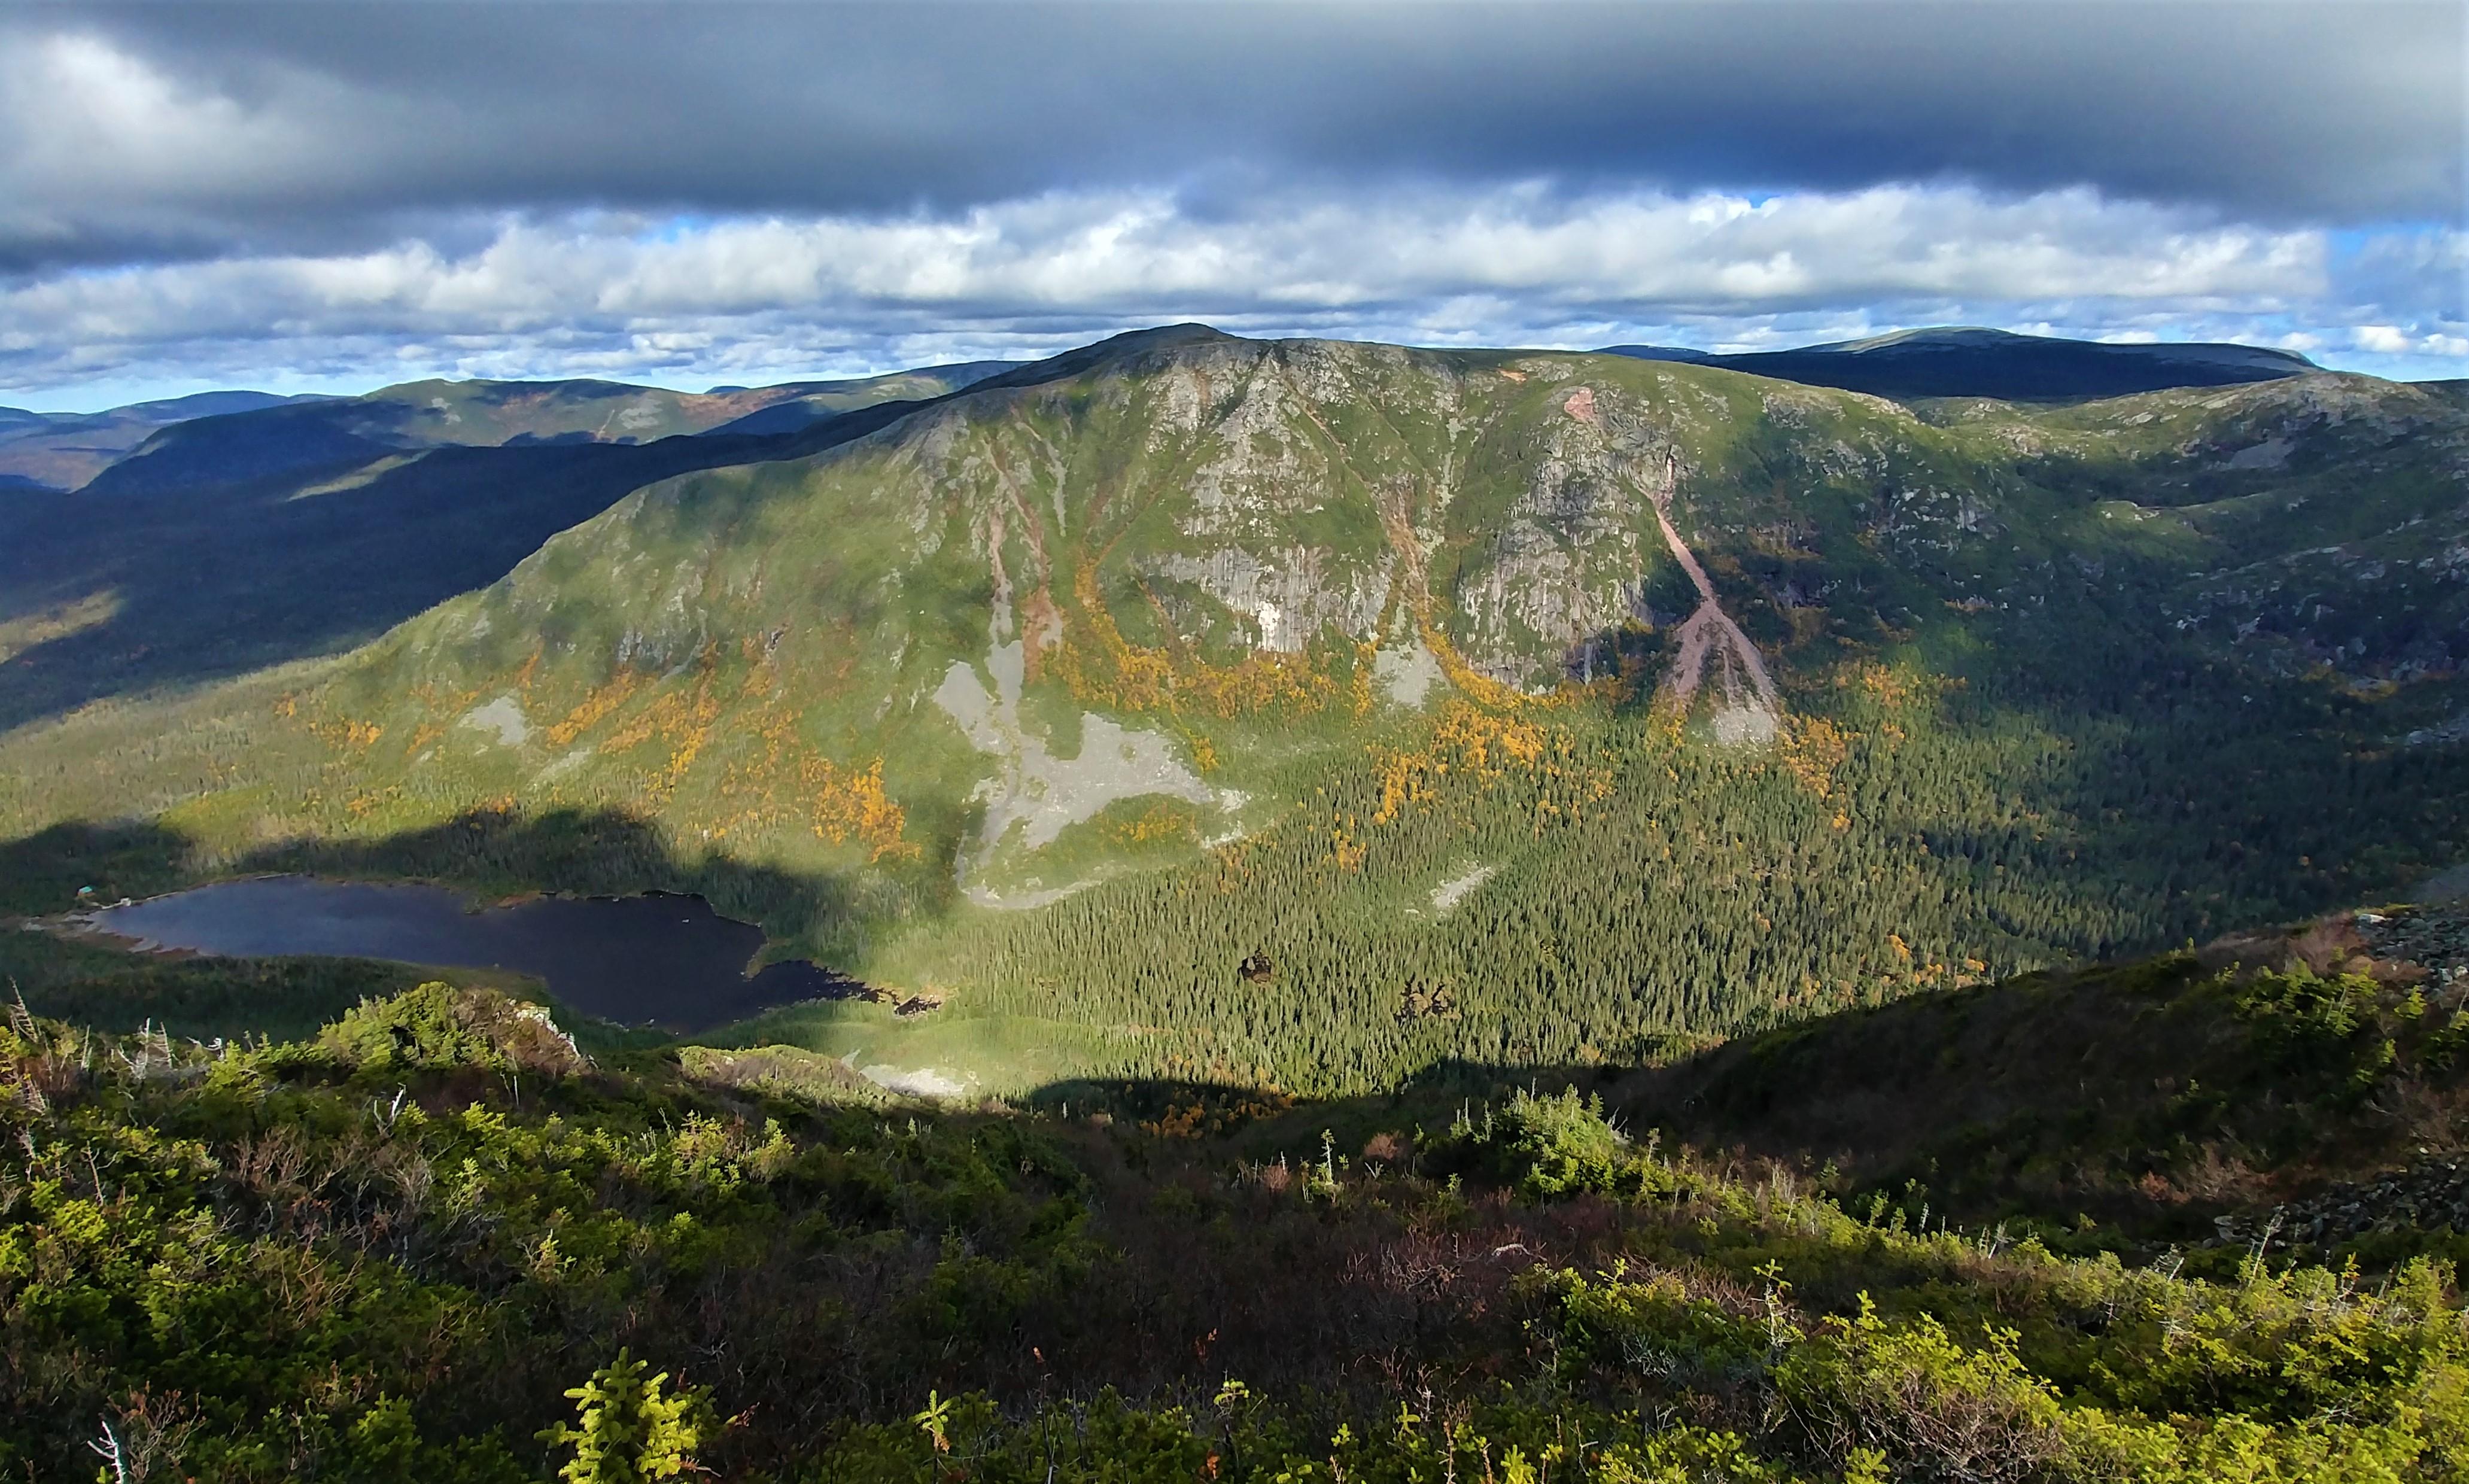 randonnee difficile mont joseph fortin parc national gaspesie infos pratiques blog road-trip canada arpenter le chemin
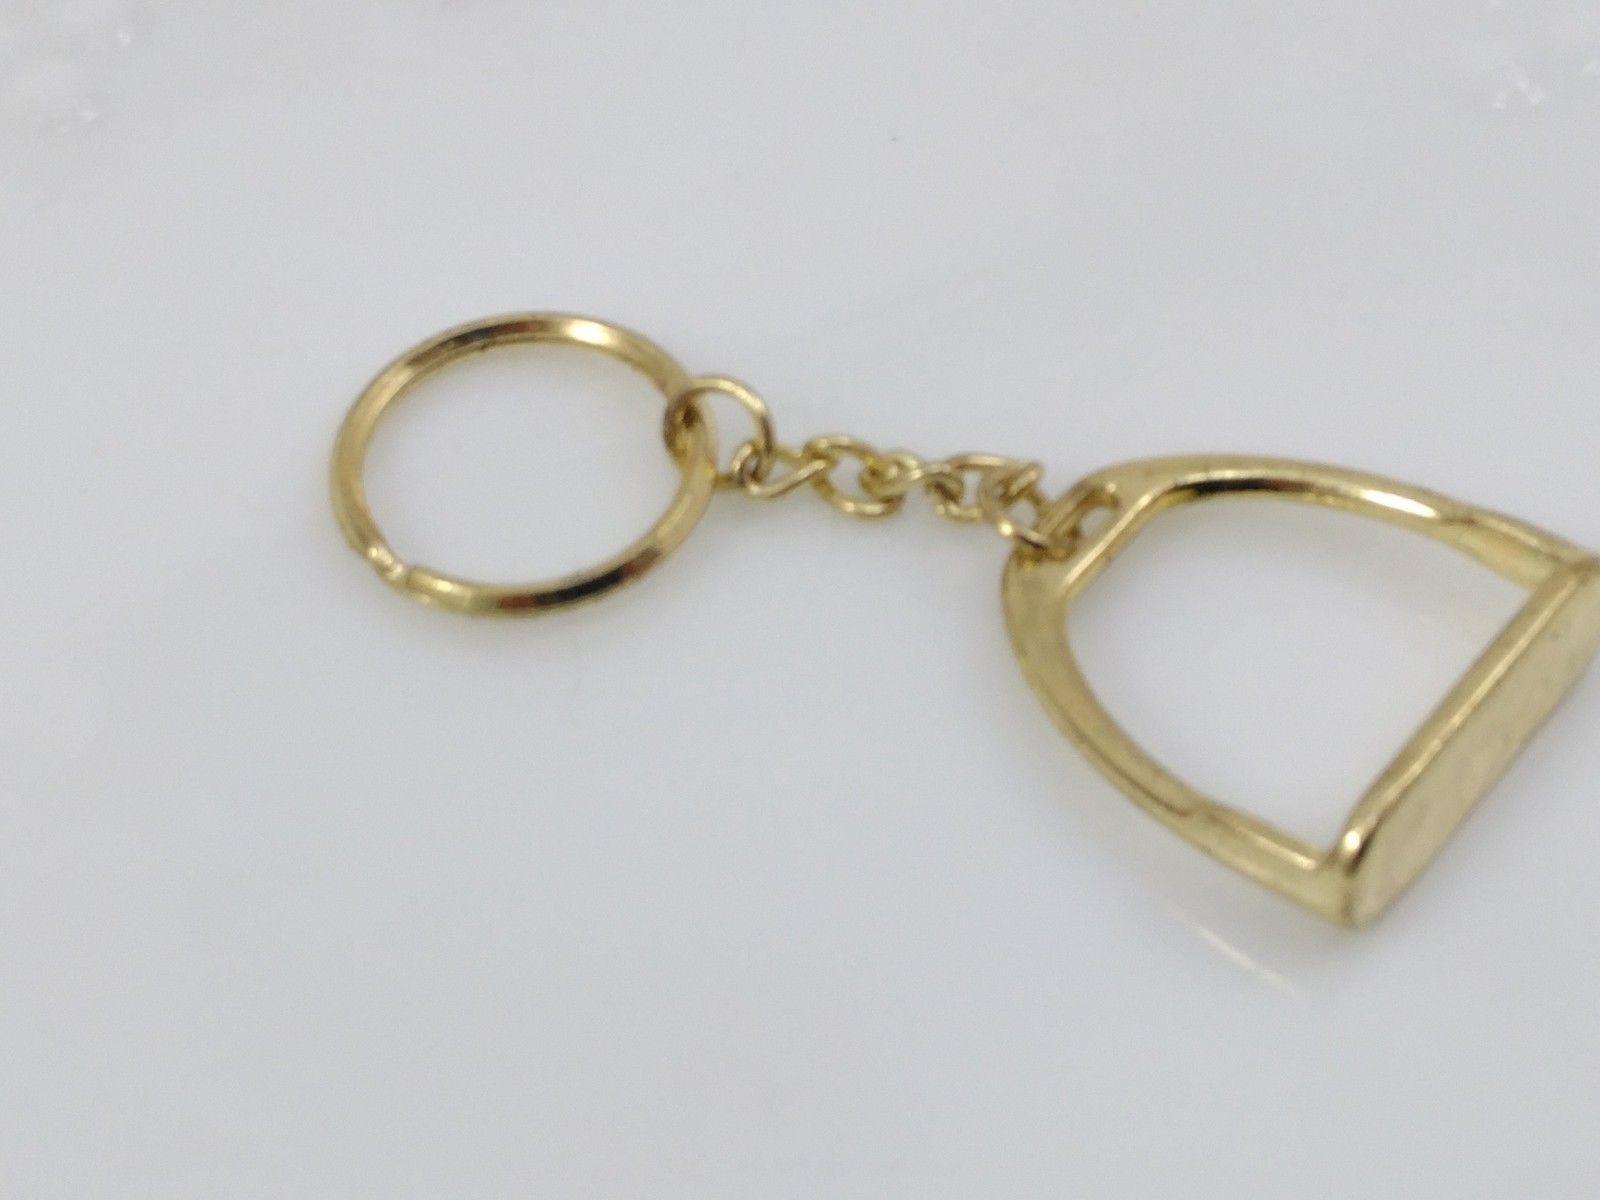 Zinc Alloy Stirrup Gold Tone Key Ring Horse Riding Equestrian Equipment
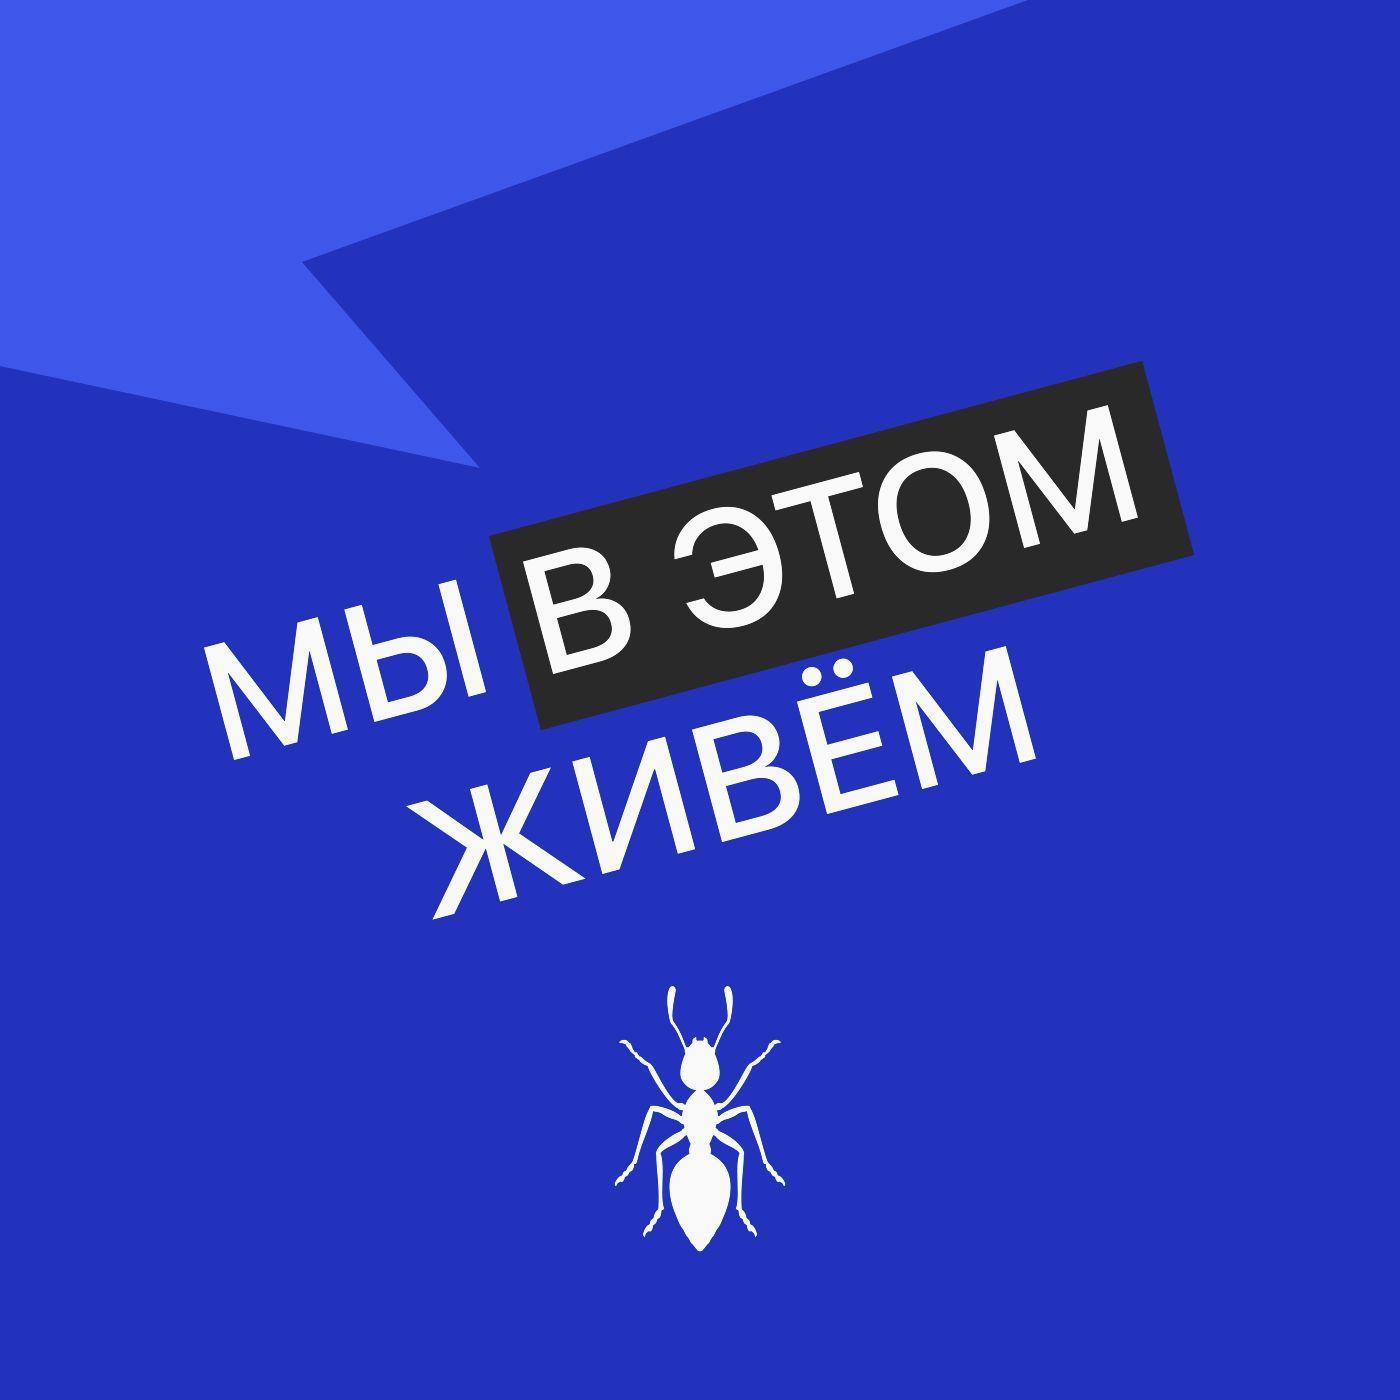 Творческий коллектив Mojomedia Выпуск № 13 сезон 3 Отряд Титямболдора

-- What the exercise asks --
Every line of the data should be transcribed exactly. Omit the images.

-- Solution to this exercise --
 randonnee difficile mont joseph fortin parc national gaspesie infos pratiques blog road-trip canada arpenter le chemin
 Zinc Alloy Stirrup Gold Tone Key Ring Horse Riding Equestrian Equipment
 Творческий коллектив Mojomedia Выпуск № 13 сезон 3 Отряд Титямболдора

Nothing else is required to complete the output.